O büyük Pâdişahlar kendi özel geçimlerini ganimetten hisselerine düşen paydan, İstanbul ile taşralarda bulunan meyve bahçelerinden ve her birinin el sanatı olmasından dolayı kendi elleriyle yaptıkları işlerin çarşı-pazarlarda satılmasından elde ediyorlardı.

Ayrıca İstanbul'da bulunan Dolmabahçe, Çırağan, Beylerbeyi gibi göz kamaştırıcı saraylar Osmanlı'nın çöküş devrinde yaptırılmış saraylardır. Azamet devri Pâdişahları devletten maaş almadıklarından Dolmabahçe vs. gibi saraylar hiçbir zaman yaptıramamışlardır. İsmail Hami Danişment, Topkapı Sarayının aslında bir saray olmadığını, İstanbul'un fethinden sonra Pâdişahların yaptırdıkları binalardan müşterek bir eser olduğunu söyler. Ama yine de Topkapı Sarayı bugün en çok ziyaretçisi olan tarihi mekânların başında gelir.

HERİF BANA MÜDERRİSLİĞİ BİR TÜRLÜ YAKIŞTIRAMADI!

Üstad Mehmed Âkif'in çok yakın arkadaşı Eşref Edib Fergan, Üstad'ın başından geçen ilginç bir olayı şöyle anlatmaktadır:

"Üstad'ın Eğinli bir arkadaşı var. Beşiktaş'ta oturuyor. Üstad ara sıra onu ziyarete gider. Eğinlinin ahbapları da gelir. Bunlardan bir tanesi, Üstad'ı ya bir kasap, ya bir et müteahhidi zannediyormuş.
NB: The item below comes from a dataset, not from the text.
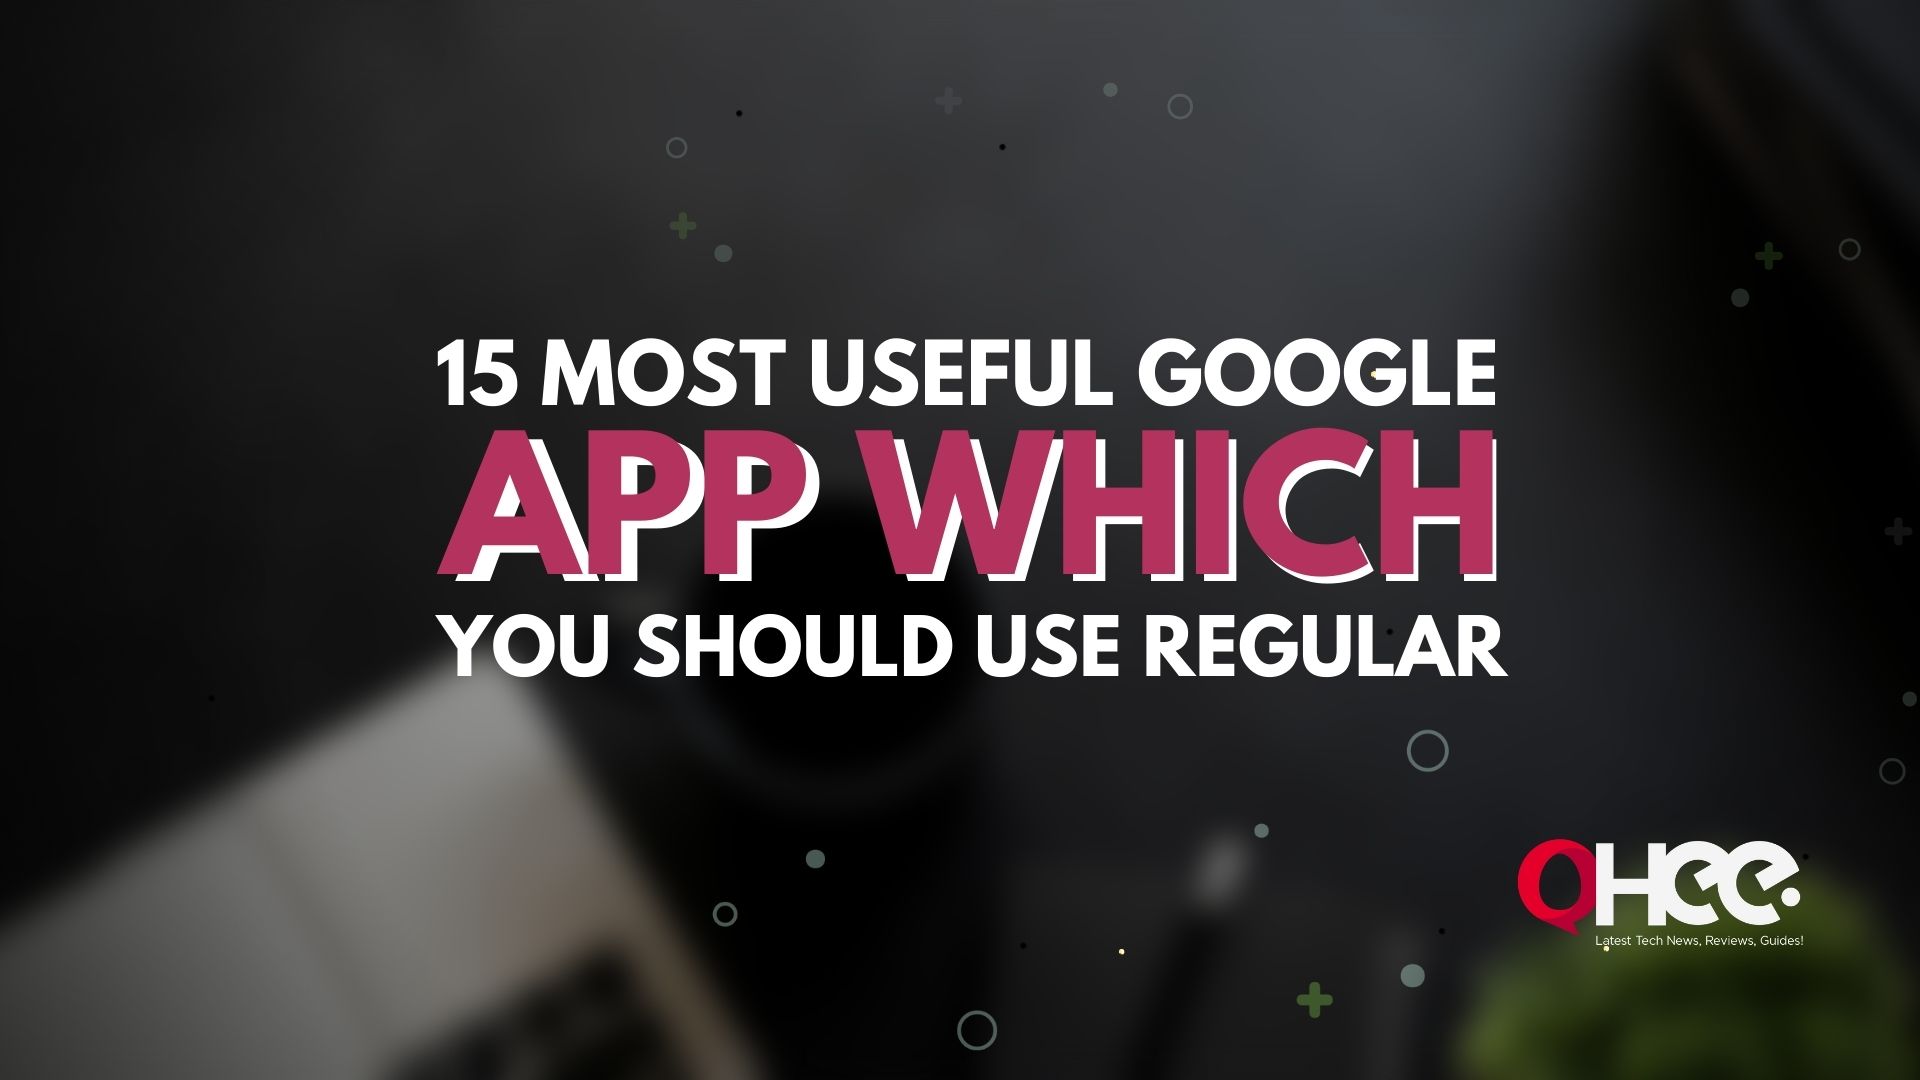 15 Most Useful Google Apps Which You Should Use Regular

Bir gün Üstad'a Dârülfünûn kapısında rast gelir. Ahbabın ahbabı diye bir tanışıklık var ya. Bu kasabın yahut bu et müteahhidinin burada bulunmasını merak eder. Merhabadan sonra:

"Hayrola! Buraya niçin geldiniz?"

"Ders için."

Anlayamaz. Biraz durur. Üstad'ın yüzüne dikkatle bakar. Kendi kendine: "Allah Allah, der, bu yaştan sonra, bu saç sakalla Darülfünun'a devam. Çok tuhaf şey! Belki adamcağıza ilim hevesi gelmiştir. Ama talebe de olamaz. İhtimal, dersleri dinliyor…" içinden gülerek, şaşarak:

"Sâmi'în sıfatıyla mı?" der. (Sâmî': Dinleyici)

"Hayır."

Yine anlayamaz. Düşünmeye, Üstad'ı süzmeye başlar. Gülümseyerek:

"Yoksa talebe mi kayd oldunuz?" der. Üstad'ın verdiği cevap, yine:

"Hayır."

Üstad'ın muzipliği görülüyor ya. Karşısındakinin alayı ile düşünüşü ile eğleniyor. Adamcağız şaşırdıkça şaşırıyor. Âdeta kızar. Sert bir sual fırlatır:

"Ya ne diye buraya geliyorsunuz?"

Sanki Üstad ona hesap vermekle mükellefmiş, ama Üstad hiç kızmıyor. Bıyık altından sadece gülüyor. Gayet soğukkanlılıkla cevap veriyor:

"Müderris sıfatıyla."

Adamcağızın hayreti artar. Bu nasıl müderris olur? diye düşünmeye başlar. Bir türlü havsalasına sığdıramaz. Bir ihtimal daha hatırına gelir:

"Belki vekâleten olacak!"

Üstad yine aynı soğukkanlılıkla ve gayet kısa:

"Hayır, asâleten" der.

Adamcağız büsbütün şaşkınlaşır. Artık söyleyecek söz bulamaz.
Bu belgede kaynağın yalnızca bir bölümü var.